(TRY IT): Everything from the line holding "Bizzar's Maroon Sweatshirt" to the end of the listing below should be copied exactly, line for line, minus the pictures.

(INFORMATION SUPPLIED):
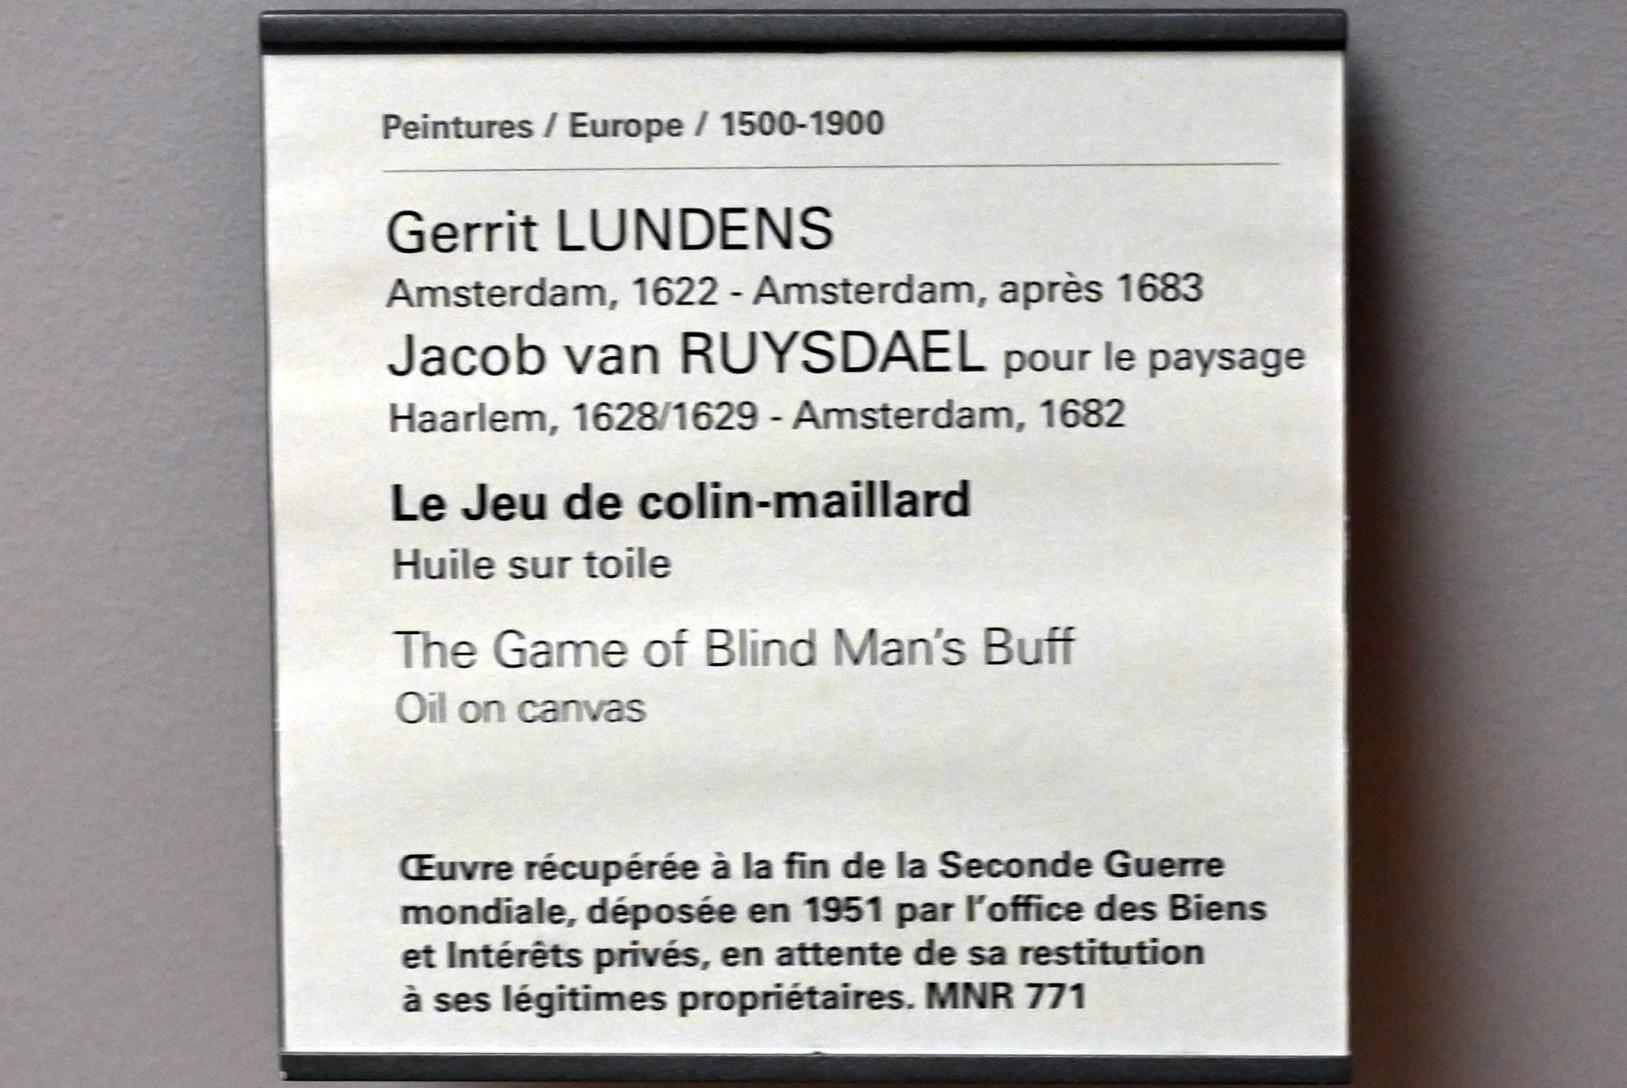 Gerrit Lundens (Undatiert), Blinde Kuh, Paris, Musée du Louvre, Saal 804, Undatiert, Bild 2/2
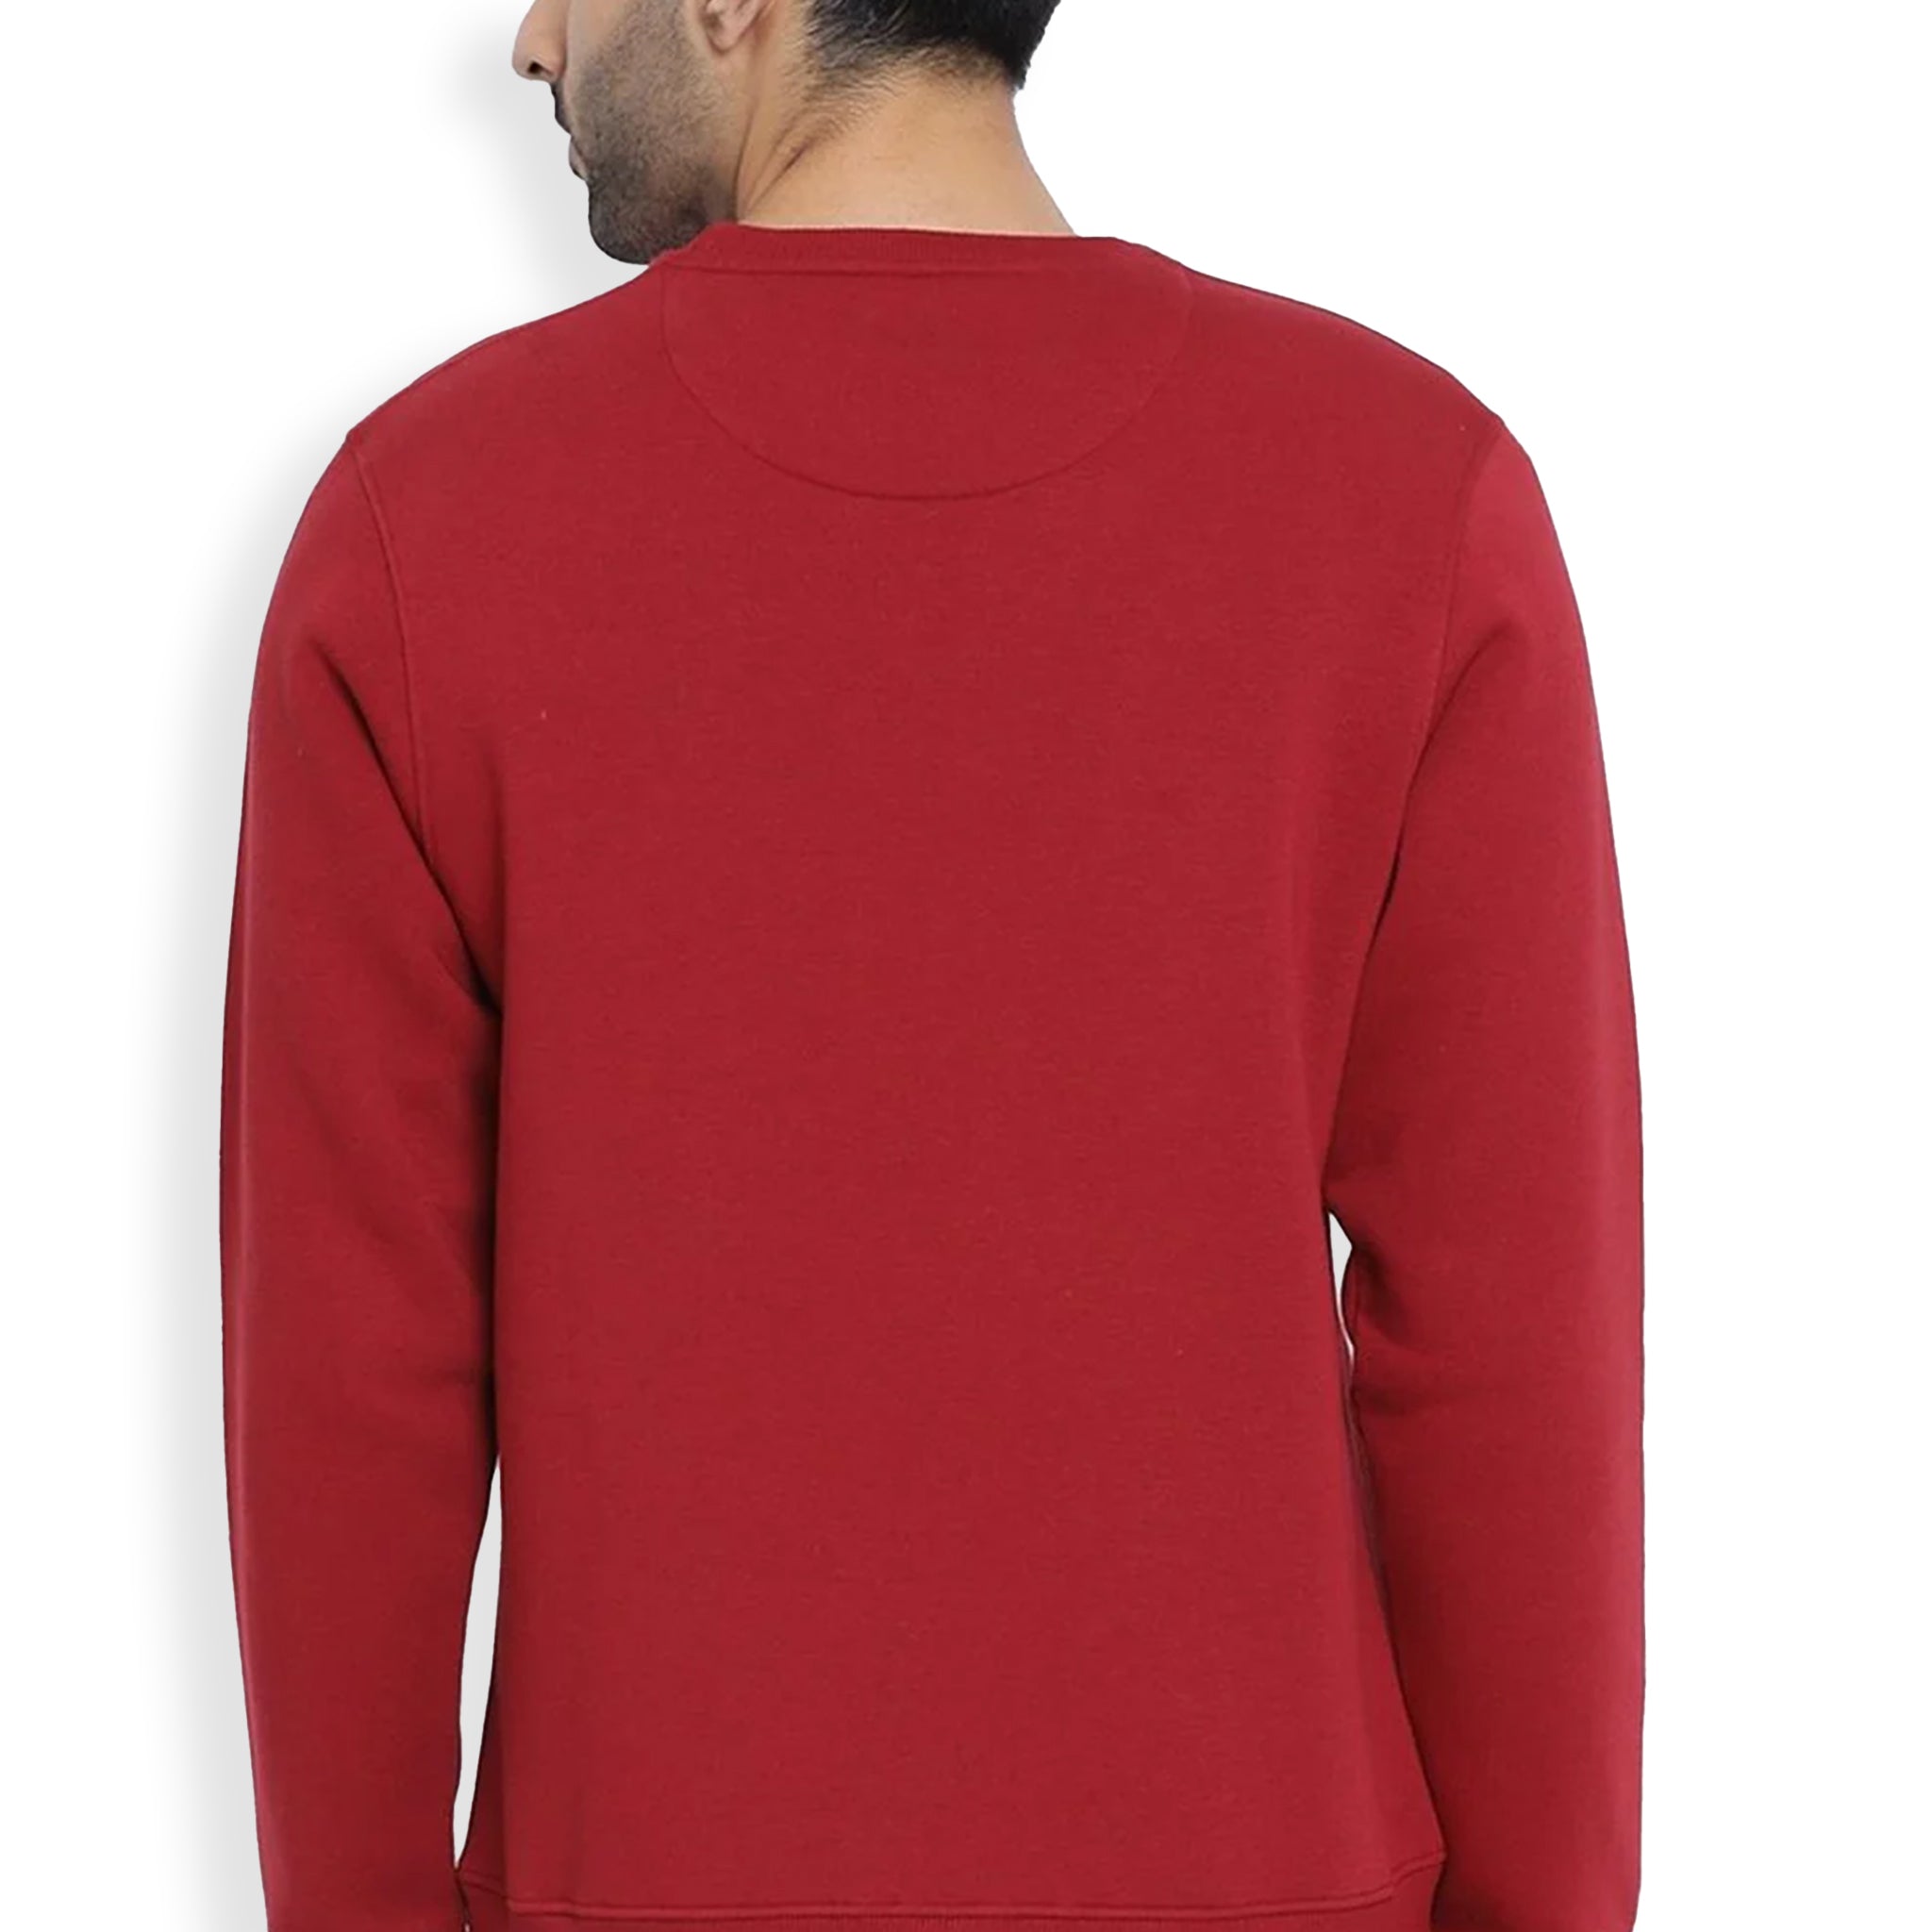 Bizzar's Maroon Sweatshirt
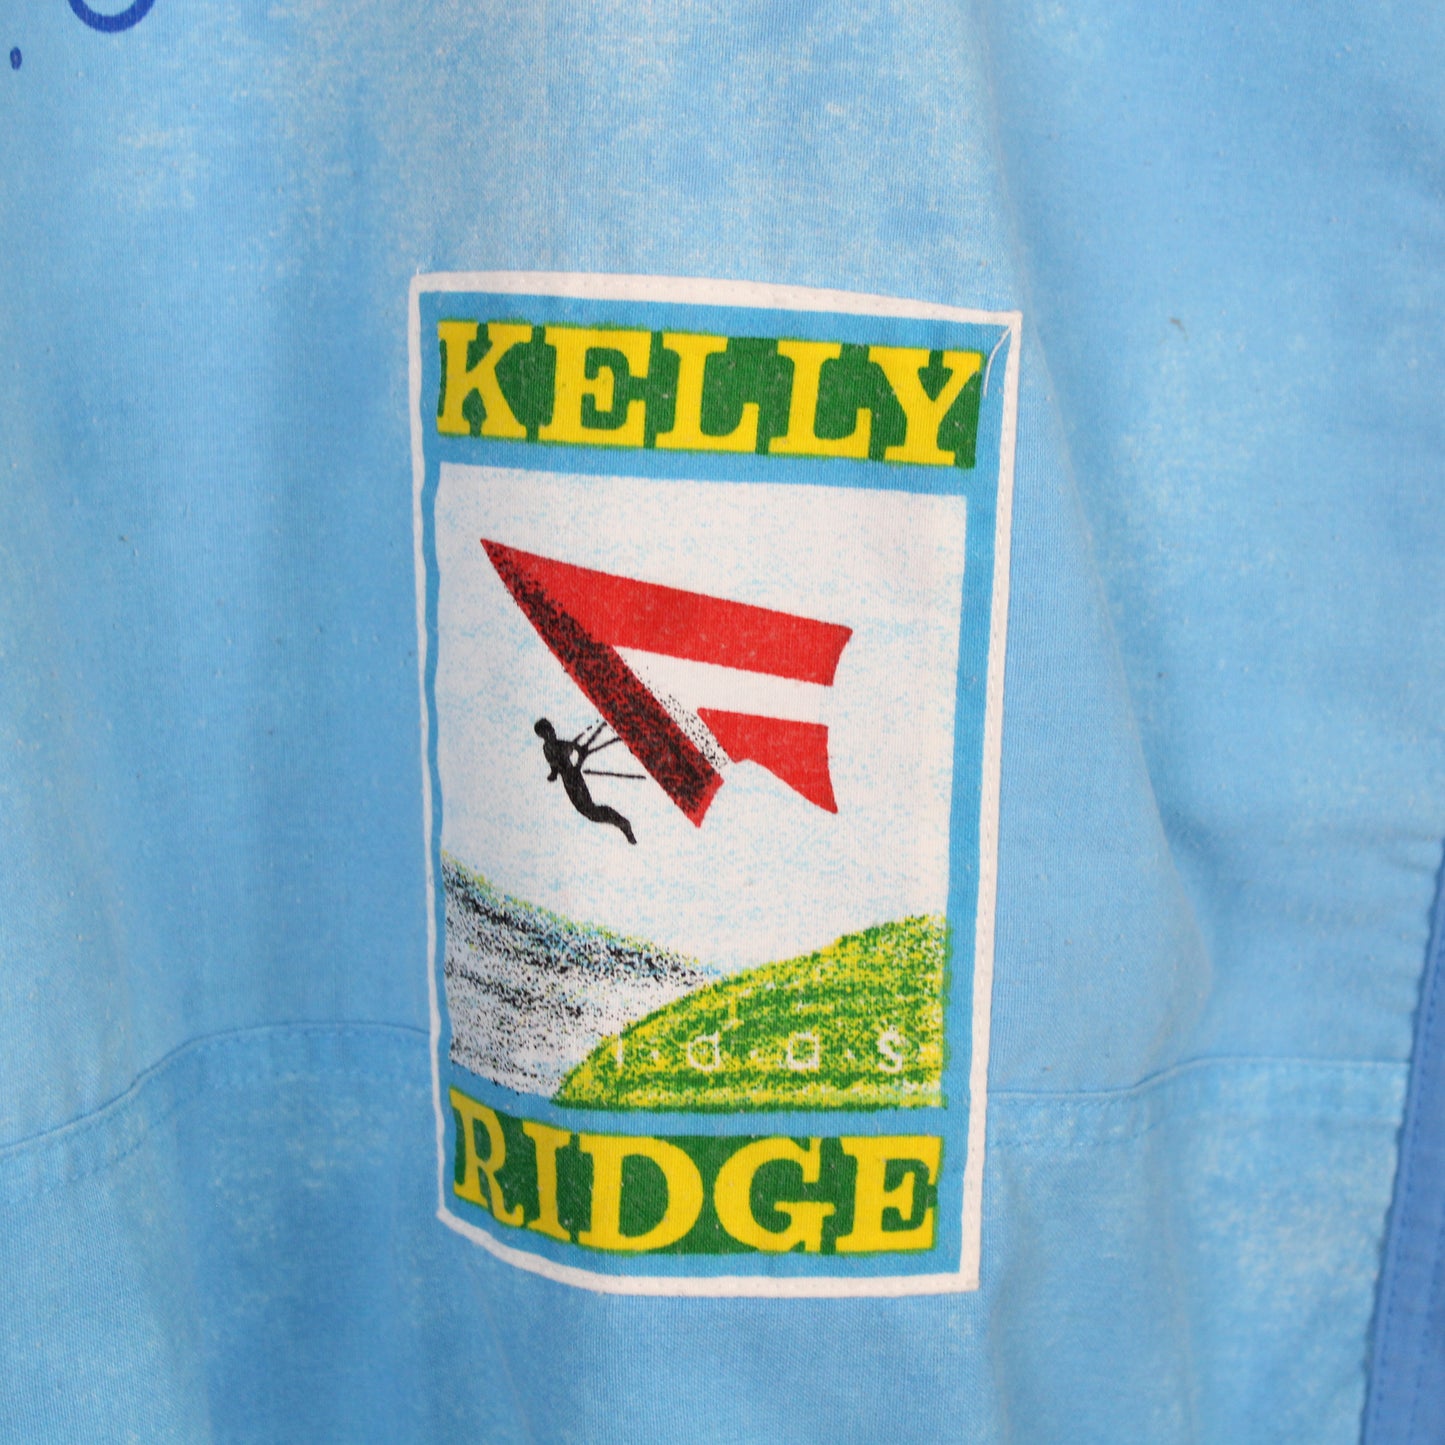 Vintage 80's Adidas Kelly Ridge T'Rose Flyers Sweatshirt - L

(TASK ANSWER):
 Bizzar's Maroon Sweatshirt
 Vintage 80's Adidas Kelly Ridge T'Rose Flyers Sweatshirt - L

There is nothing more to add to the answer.